Tips for newly engaged couples on asking friends and family to contribute.
In another article I pointed out that you can’t afford NOT to ask for help with your wedding. In this one I want to share some ideas on HOW to do it. The assumptions here is the same as in the prior article—you have relatives who want to come to your wedding and have enough money to contribute something to paying for it.
You Don’t Need Help.
The goal of asking for financial help is not that you need it. You can always go to the court and get married. You could move in together without being married (enough people do it). You could also date indefinitely until all the stars align and you can have the wedding of your dreams. So you don’t NEED help. There’s nothing wrong with any of these options, and if you can’t get much help you will be stuck with one of them anyway.
However you must choose a path first, because you are an adult who wants to get married. Marriage certainly doesn’t have to wait till you’re rolling in the dough. Once you have made a choice—based on your finances and your finances alone—you can ask for help. Since you can get married without help, the primary beneficiary of your request are the people being asked. Because you’re still coming up in the world, they have the opportunity to make your life better. But you will get married no matter what—it’s important for you to know this.
Who To Call. How To Ask.
Call your close friends and relatives whom you respect highly—you could also do this by mail. Let them know that you have great news. You have found someone you want to spend the rest of your life with, and plan to get married in the next [less than two years]. Let the people know that you would like to invite as many of your close friends/family as possible to share in this event, but that you would appreciate their help making it the best it can be.
Point out that the greatest gift they can offer you is their presence, and that is why you write/call. If these are your older relatives who want to show you off to their friends, keep that in mind. In many cultures adults look forward to seeing their children get married, and they’ll put their hard-earned dollars toward that goal. Some of you have already been asked repeatedly when you’ll get married.
To financially stable adults (more so than you), point out that you are raising money for the wedding. Mention how many other people you are asking for money, what amount you are trying to raise. You never want any one person to feel burdened. Rather, they should feel that every dollar helps.
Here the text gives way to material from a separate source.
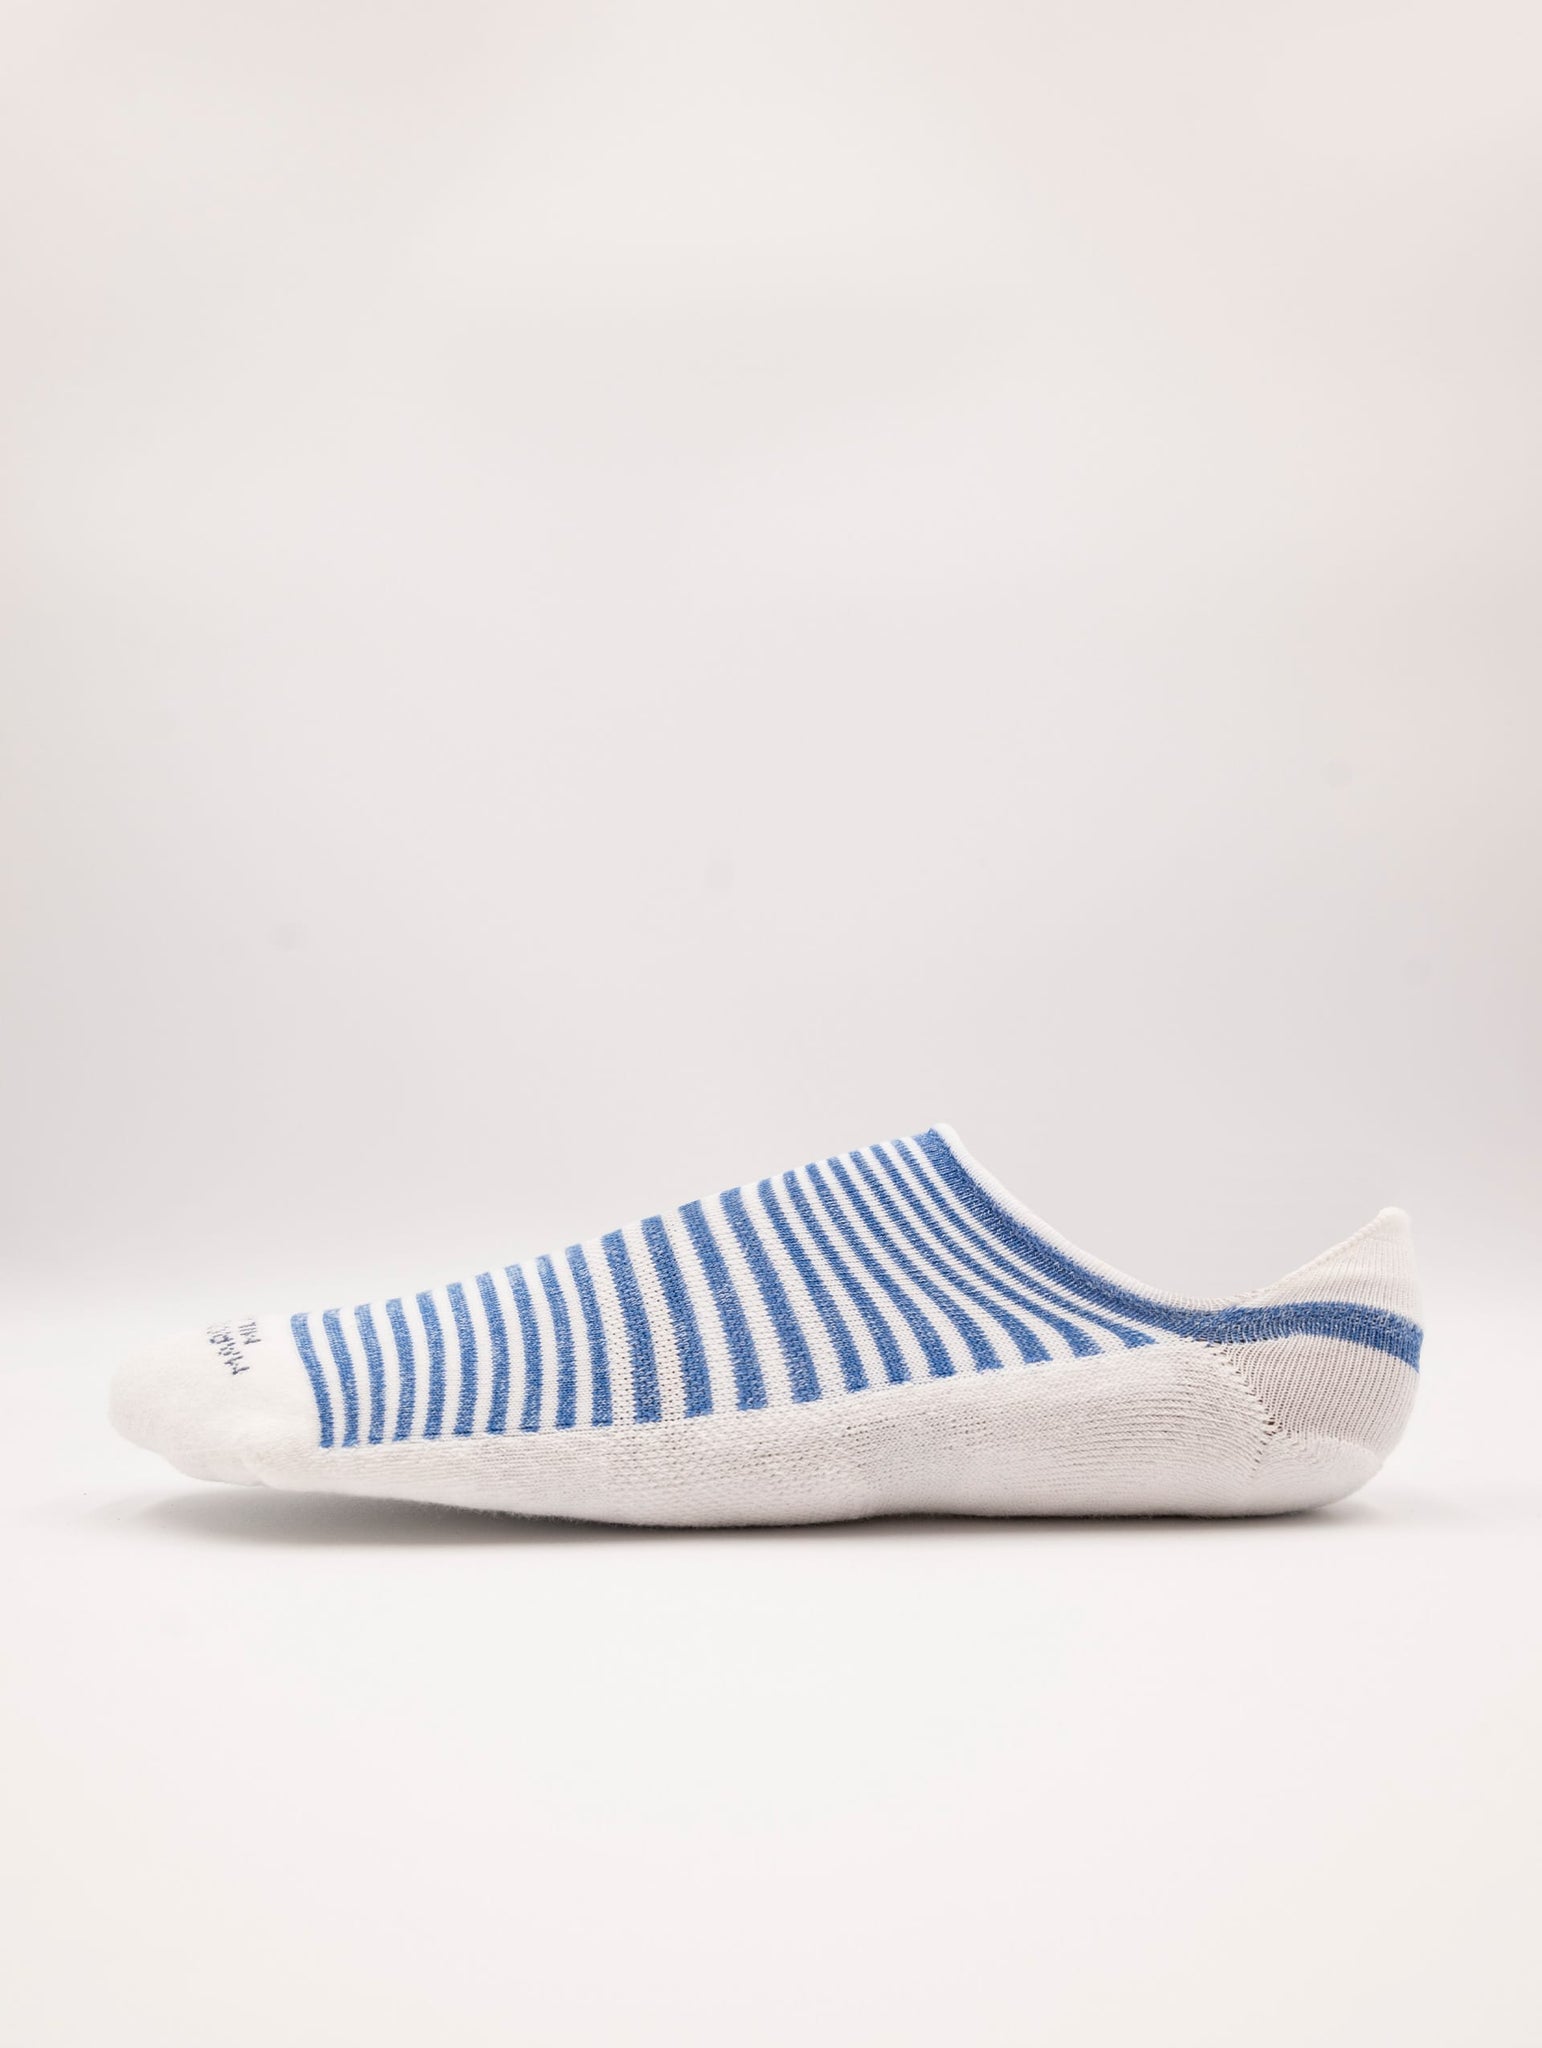 Fantasmini Marcoliani Invisible Sneaker in Cotone a Righe Bianco e Blu

If you’re an older adult reading this, you might wonder how much is too little to contribute. My answer is that there is no such thing. Here’s an idea: join together with all other givers and collectively provide a gift. The amount has to be disposable to you—big enough to be count, but small enough that you don’t feel entitled to children being named after you or anything else like that.
Point out what the major expenses are. Some of these people will know ways to get deals or they might have points to give away. You should give the impression that this is their wedding gift to you. Most people get a lot of gifts at their wedding, but you are a responsible self-supporting adult, so you have covered all items that are low on Maslow’s Hierarchy of Needs. Again, their help might allow you to afford an expensive dress, but it’s not as if you would otherwise exchange vows naked. Don’t negotiate the nuts and bolts of your wedding.
You might also ask teenagers and young adults for help. Weddings usually take a lot of work from a lot of people. Remember that everyone who cares about you can contribute something—but your relationship has to be such that you can ask.
People Close To You. Only.
These requests should only be made of people close to you. If you ask people that have never seen you vulnerable, they might think that you’re just being a leech. Money is taboo with most people, so be careful. Forty people can contribute $500 each to pay for a $20,000 wedding, but it’s not good to ask for help with expectations.
Figure out who you can ask. Ask for help. Be grateful for whatever they give. Don’t judge their contributions.
If someone asks you to not get married because you don’t have enough money, then they don’t understand this process. Don’t explain yourself, just respectfully disagree. This is a request, not a negotiation.
No matter what happens, follow through on your marriage plans with whatever resources you put together.
Read more in Weddings on The Good Life.
Image credit: The Pocket/Flickr
I would be shocked if someone asked me for money for their wedding. That’s just about the tackiest idea I’ve ever heard. Maybe next time I invite friends to dinner at my house, I should ask for contributions to pay for the food. Really, you should never, ever ask friends for money except in the most dire life or death circumstances. You can get married at the courthouse for what, $35?
“A wedding ceremony and a marriage are two entirely separate things. I think you are creating a complex relationship where absolutely none exists.” Absolutely? Actually MOST cultures I’ve seen have big weddings…with lots of family present, so I’m sticking to my points. I’m just a finance guy. People decide that they want to have big weddings or small weddings….I’m the one who has to figure out a way for them to do it without going broke. At some point you have to respect adults for choosing their cultures and values. We can let them know what the consequences will be,… Read more »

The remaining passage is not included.